Laying Down the Law. Should her Emmy Award-winning run on "Law and Order: Special Victims Unit" ever end, actress Mariska Hargitay might just have a future on Capitol Hill.
HOH caught up with the actress just before she appeared at a Wednesday evening forum at the Library of Congress looking at how shows such as "SVU" can play a role in educating the public about health issues. Hargitay had spent her day on Capitol Hill lobbying as a representative of the Joyful Heart Foundation, a group that she founded in 2004 to help empower victims of sexual assault.
The actress asked Members to hold a hearing on the backlog of untested rape kits - and she said she got a promise from Rep. Bobby Scott (D-Va.), the chairman of the Judiciary Subcommittee on Crime, Terrorism and Homeland Security, to do just that.
"It was a very exciting day," Hargitay said. "We seem to have gotten our point across."

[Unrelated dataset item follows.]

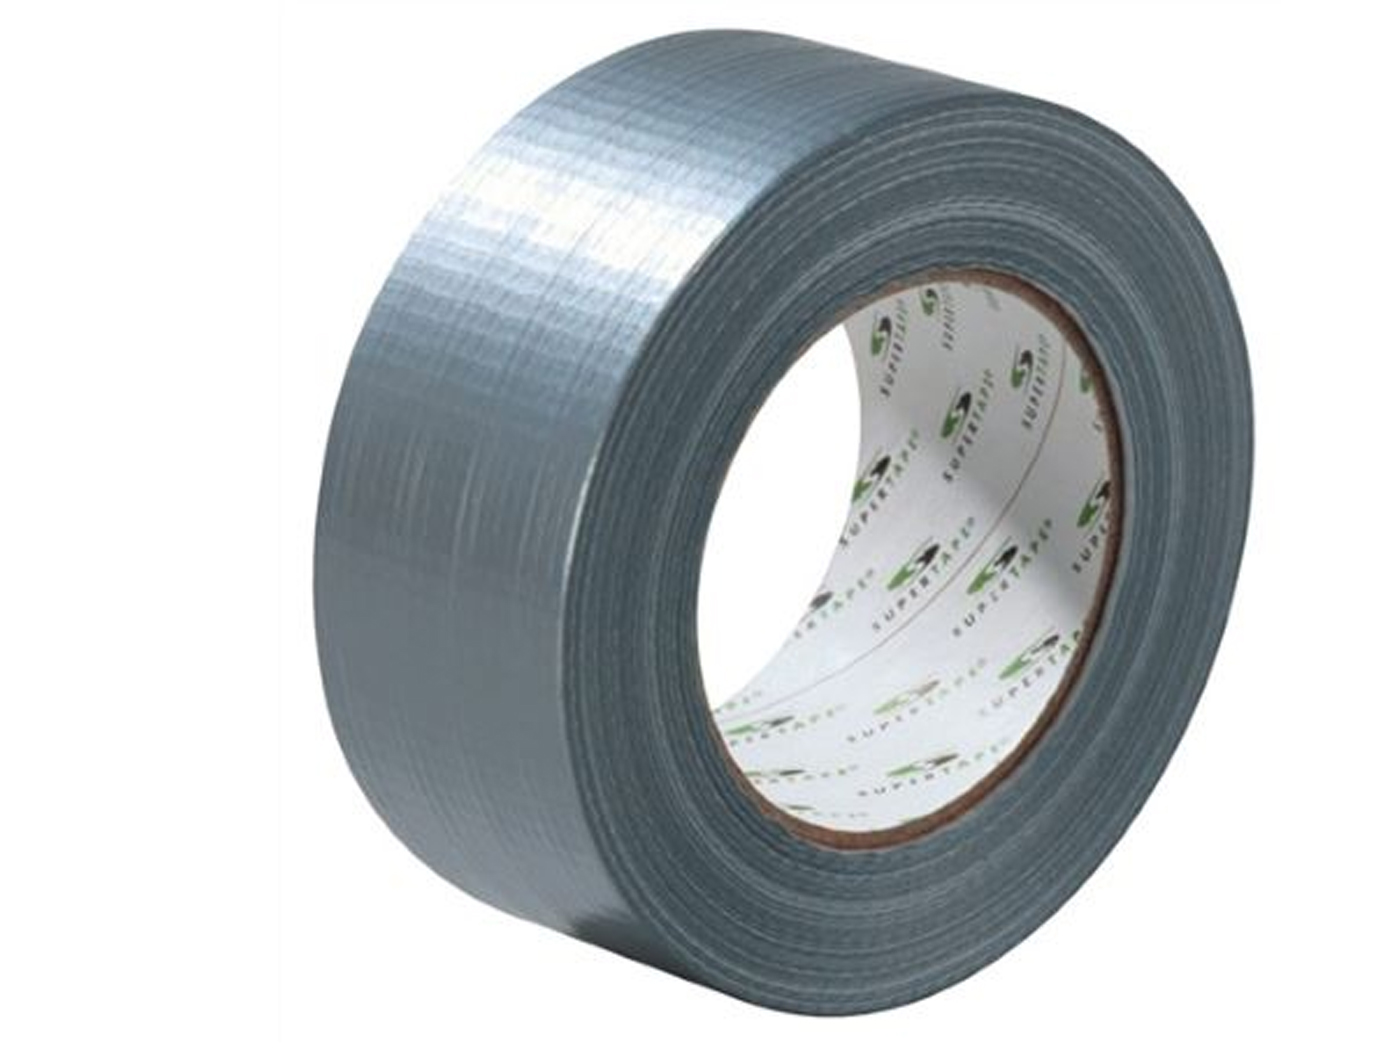 Tape Superduct ST201 zilver | DKMTools - DKM Tools

Hargitay noted that she probably wasn't the only reason for the successful outcome; several other groups have been lobbying for a hearing for awhile. But she said her day on Capitol Hill went "spectacularly well," adding that she met with several other Members, including Sen. Al Franken (D-Minn.) - "sort of a thrill on several levels," she said.
Hargitay appeared alongside "SVU" executive producer Neal Baer at the forum, sponsored by the University of Southern California Annenberg School for Communication and Journalism's Hollywood, Health and Society program. The actress recalled that she didn't really even understand problems such as sexual assault and domestic violence until she started receiving letters from viewers sharing their own tragic abuse stories.
"I remember the breath sort of leaving my body as the first letter came," she said. "And [they've] been coming in the thousands ever since."